Reduced pathogen receptor levels correlate with a lower induction of IFNs in HR-HPV-positive cells.

To test whether the repression of pathogen receptor expression has functional consequences for IFN expression, the different HPV-positive cell lines or normal keratinocytes were incubated with 10 μg/ml poly(I·C), which activates the TLR3, RIG-I, and MDA5 pathways in human keratinocytes (23). After 6 h, RNA was isolated and analyzed by qRT-PCR for the expression of IFN-β, IFN-λ1, IFN-λ2, IFN-λ3, and CCL20, an inflammatory cytokine. In normal keratinocytes poly(I·C) induced the expression of IFN-β 1,500-fold, that of IFN-λ1 3,000-fold, that of IFN-λ2 40-fold, that of IFN-λ3 22-fold, and that of CCL20 110-fold. In contrast, the induction of all analyzed cytokines was greatly impaired in HR-HPV-positive cell lines to similar extents (Fig. 1). IFN-β induction was reduced 5- and 7-fold by HPV16, 3-fold by HPV18, and 4-fold by HPV31. IFN-λ1 induction was reduced 8- and 16-fold by HPV16, 7-fold by HPV18, and 5- and 9-fold by HPV31. IFN-λ2 induction was inhibited 5- and 10-fold by HPV16, 5-fold by HPV18, and 3- and 6-fold by HPV31. The inhibition of IFN-λ3 was similar to that of IFN-λ2. CCL20 induction was impaired 10- and 16-fold by HPV16, 7- and 11-fold by HPV18, and 5- and 30-fold by HPV31 (Fig. 1). This suggested that the decrease in pathogen receptor expression results in a strongly reduced expression of different inducible IFNs and inflammatory cytokines.
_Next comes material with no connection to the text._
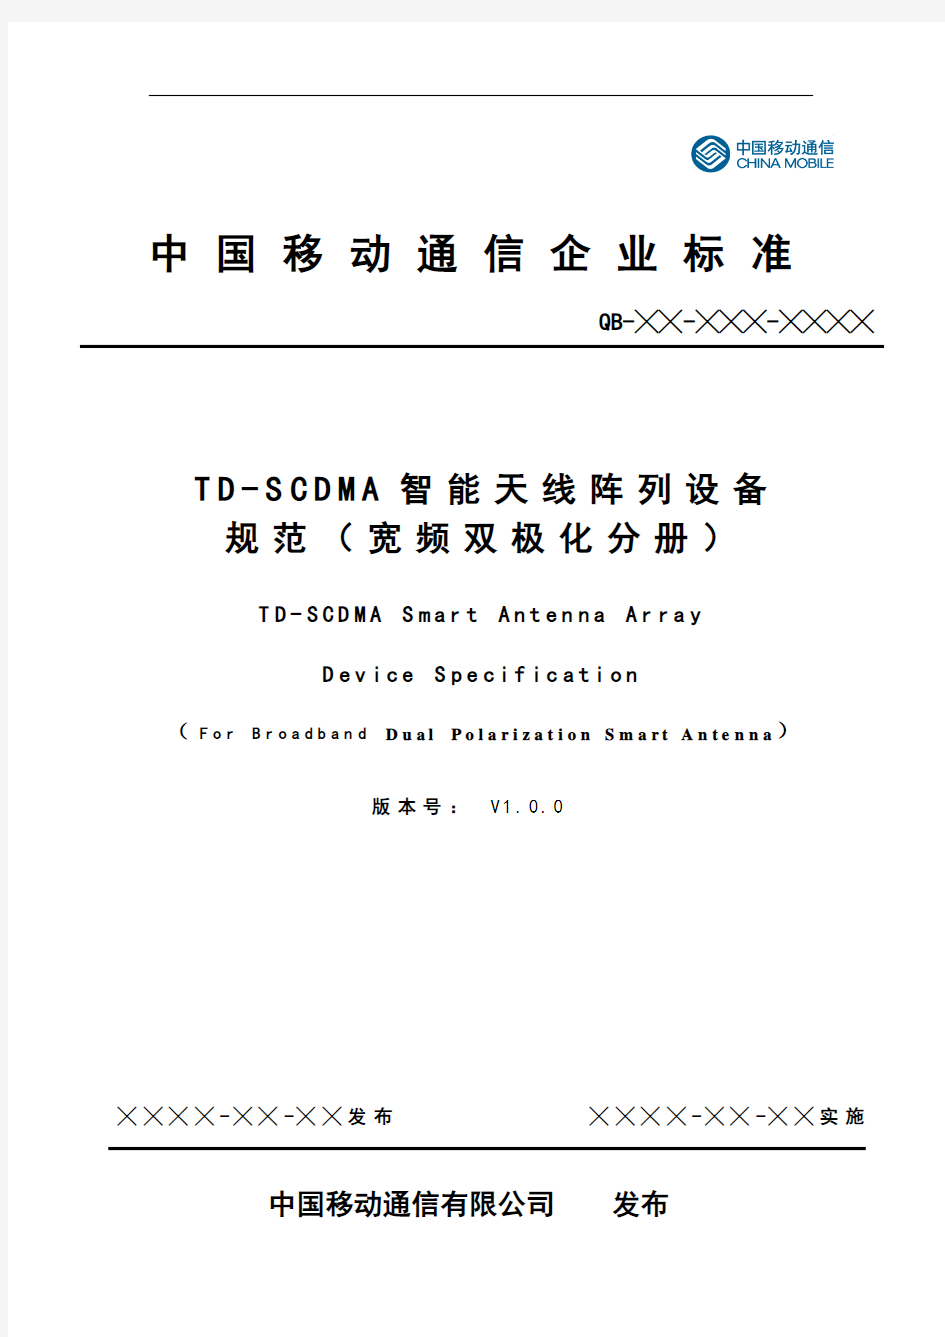 TD-SCDMA宽频双极化智能天线设备规范v1.1.0

Fig. 1. — Induction of IFN-β, IFN-λ1, IFN-λ2, IFN-λ3, and CCL20 by poly(I·C) is inhibited in HR-HPV-positive cells. Keratinocytes containing HPV16, -18, or -31 genomes or normal human keratinocytes (NHKs) were treated with poly(I·C) (10 μg/ml) for 6 h. RNA was analyzed by qRT-PCR for IFN-β, IFN-λ1, IFN-λ2, IFN-λ3, and CCL20 expression. Relative expression values were calculated using expression values for NHKs as a reference, which were set to 1, and PGK1 as a reference gene. The data represent the averages from at least four independent experiments, and error bars indicate the standard errors of the means.

IFN-κ expression is inhibited by HR-HPVs.

The expression levels of IFN-κ were also analyzed, as it is constitutively expressed in human keratinocytes and was suggested to be regulated by HPV16 in cancer cells (27, 37). In contrast to IFN-β or IFN-λ, IFN-κ was only very weakly induced by poly(I·C) treatment (∼1.5-fold) in normal keratinocytes. When comparing the basal mRNA levels of IFN-κ in normal keratinocytes with HR-HPV-positive cells, a 3- to 5-fold reduction in all HR-HPV-positive cell lines was observed (Fig. 2A). Consistent with this, IFN-κ protein levels determined by immunoblotting were also lower in HPV-positive cells than in NHKs (Fig. 2B). In order to compare the basal expression levels of the different interferons, qPCR analyses were carried out. A single preparation of total cellular DNA from 16-1 cells was used to generate standard curves for the IFN-κ, IFN-β, IFN-λ1, and PGK1 primers to allow for absolute quantification and thus a direct comparison of the different IFN expression levels. Using these standard curves, IFN-κ, IFN-β, and IFN-λ1 mRNA levels were determined from unstimulated NHK cells derived from five different donors, using PGK1 as a reference gene. This analysis revealed that basal IFN-β and IFN-λ1 levels are very similar in NHK cells (Fig. 2C). In contrast, IFN-κ RNA levels were 408-fold and 725-fold higher than IFN-β and IFN-λ1 levels, respectively (Fig. 2C). This strongly suggested that IFN-κ is the predominant interferon present in unstimulated keratinocytes.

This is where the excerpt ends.